Significant difference calculator

Welcome to our free significance calculator – a statistical tool you can use to test whether the difference between two values is significantly different!

In a survey, statistical significance is mainly used to identify how confident you can be in the differences you find between two groups. For example, if 70% of group A said they have worked from home during the pandemic, compared to 50% of Group B, you may want to know if this is a significant finding.

Our calculator allows you to find this out simply by entering the sample size (number of respondents) of each independent group in the boxes below, along with the percentages of interest, from each group, that you are looking to compare.

For more information on this topic, you can also read our article “What makes a good, robust, and useable research sample?

Significant Difference Calculator

Confidence level
Group A
Group B
The calculation is performed automatically when one of the values above are changed.

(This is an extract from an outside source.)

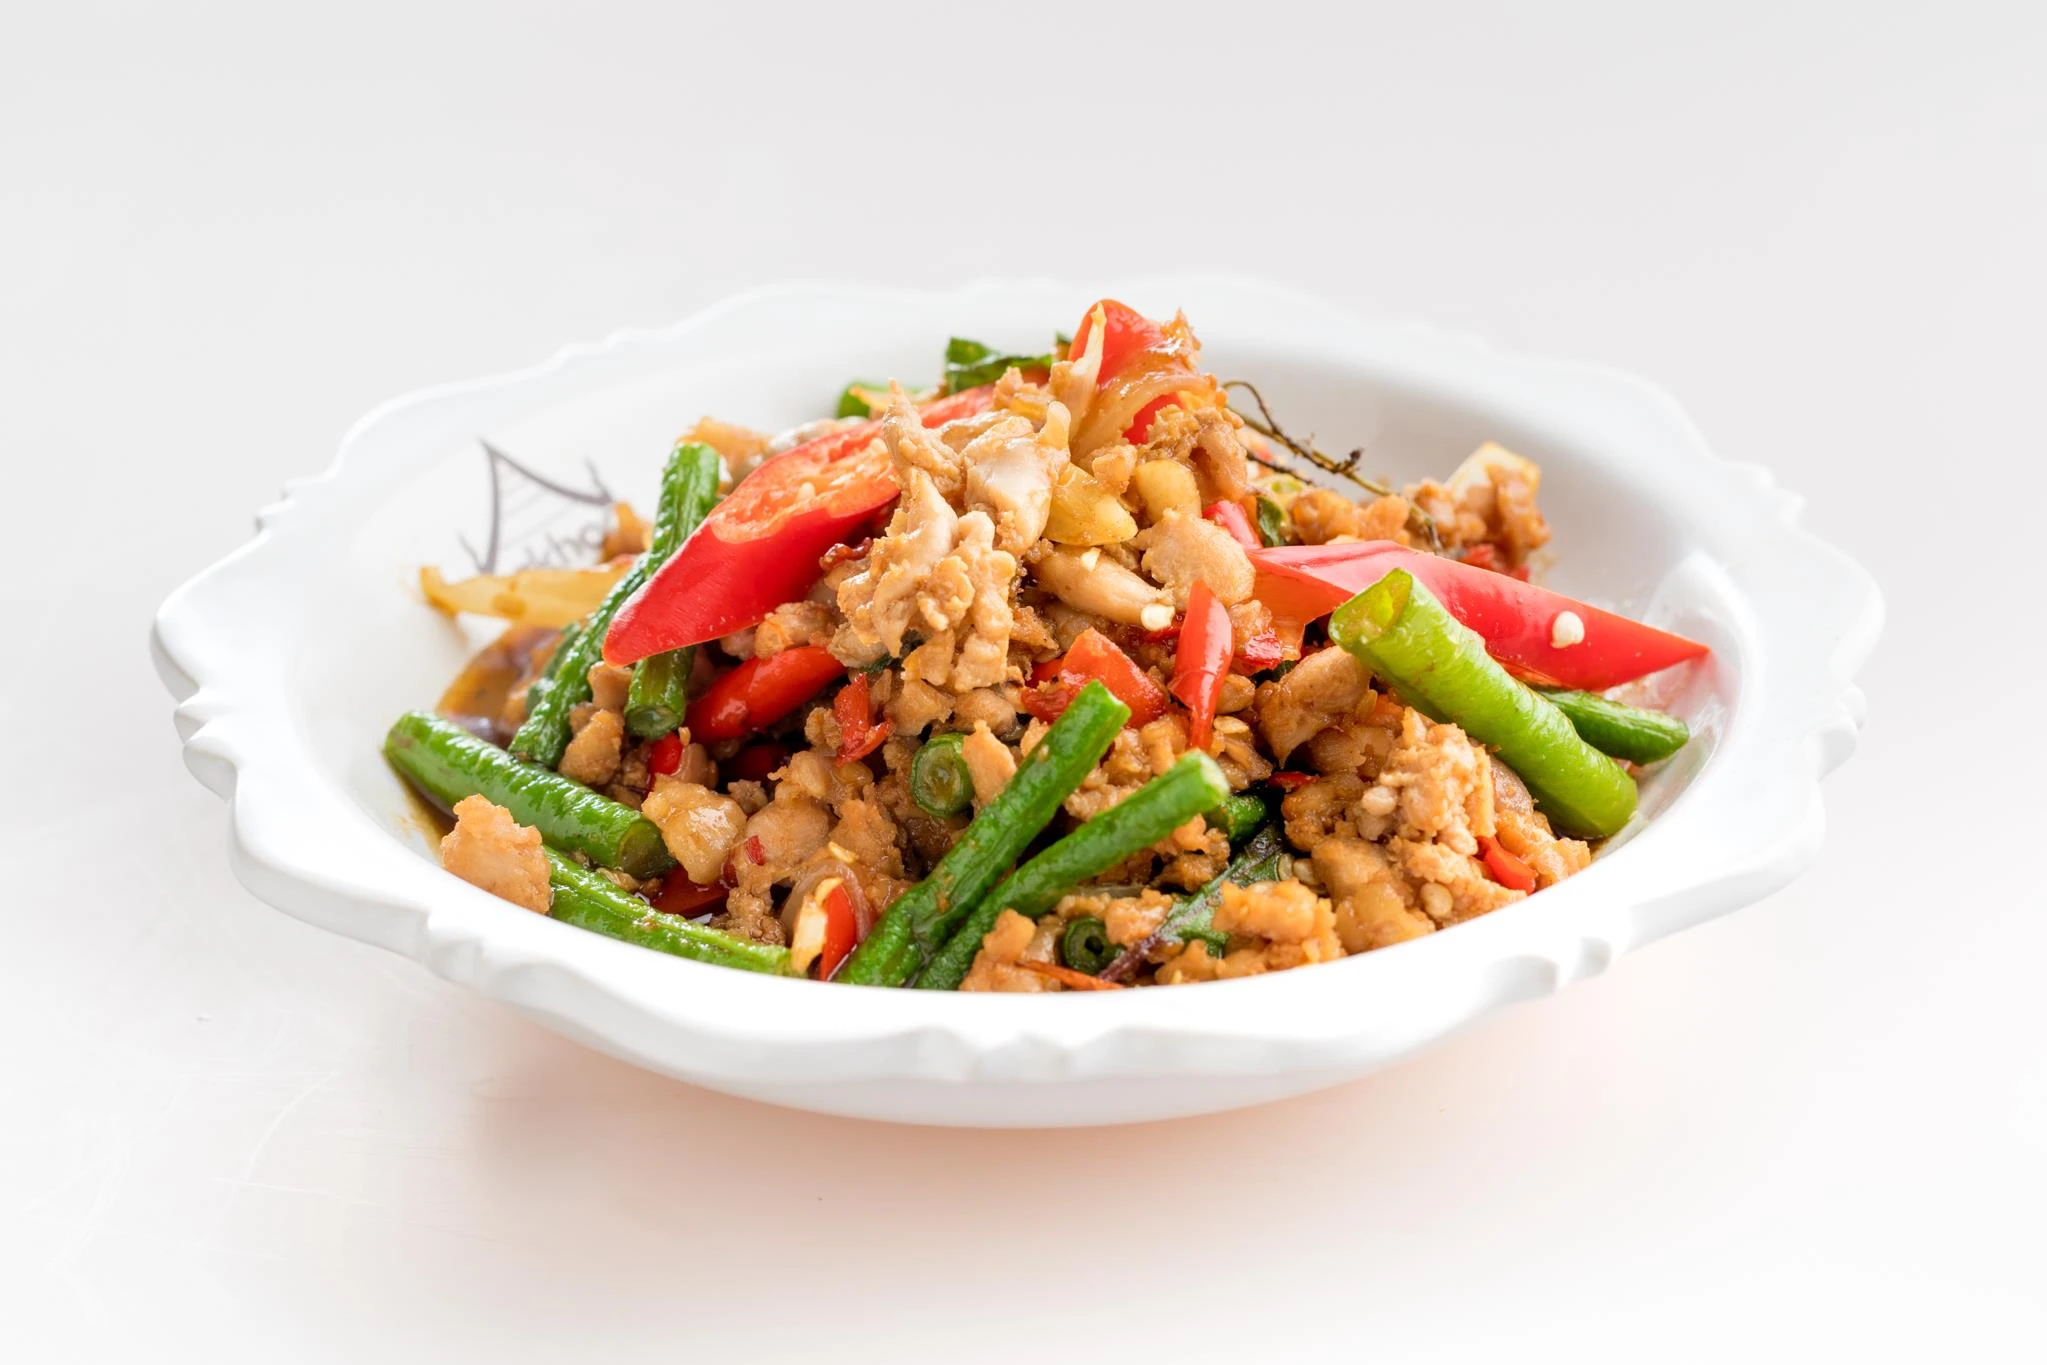 Stir-fried minced chicken with hot basil leaves

The default confidence level that is applied within the calculator is 95%. What this means is that you can be 95% confident that the differences seen here are real if your result is considered significant. If your result is not significant, you may need to look at reducing the confidence level, increasing the sample size of your groups, or comparing percentages with a larger difference. Feel free to have a play around with the different options!

The lower the confidence level you choose (e.g., 90% or 80%), the more likely your difference will be significant; however, this will also reduce the likelihood that your difference is real.

Conversely, if you increase the sample size within your survey, this will decrease the margin of error within the results, and therefore increase confidence in your data. What this means is that the larger the sample size of the groups you are comparing, the smaller the difference must be between the percentages to be considered ‘significant’.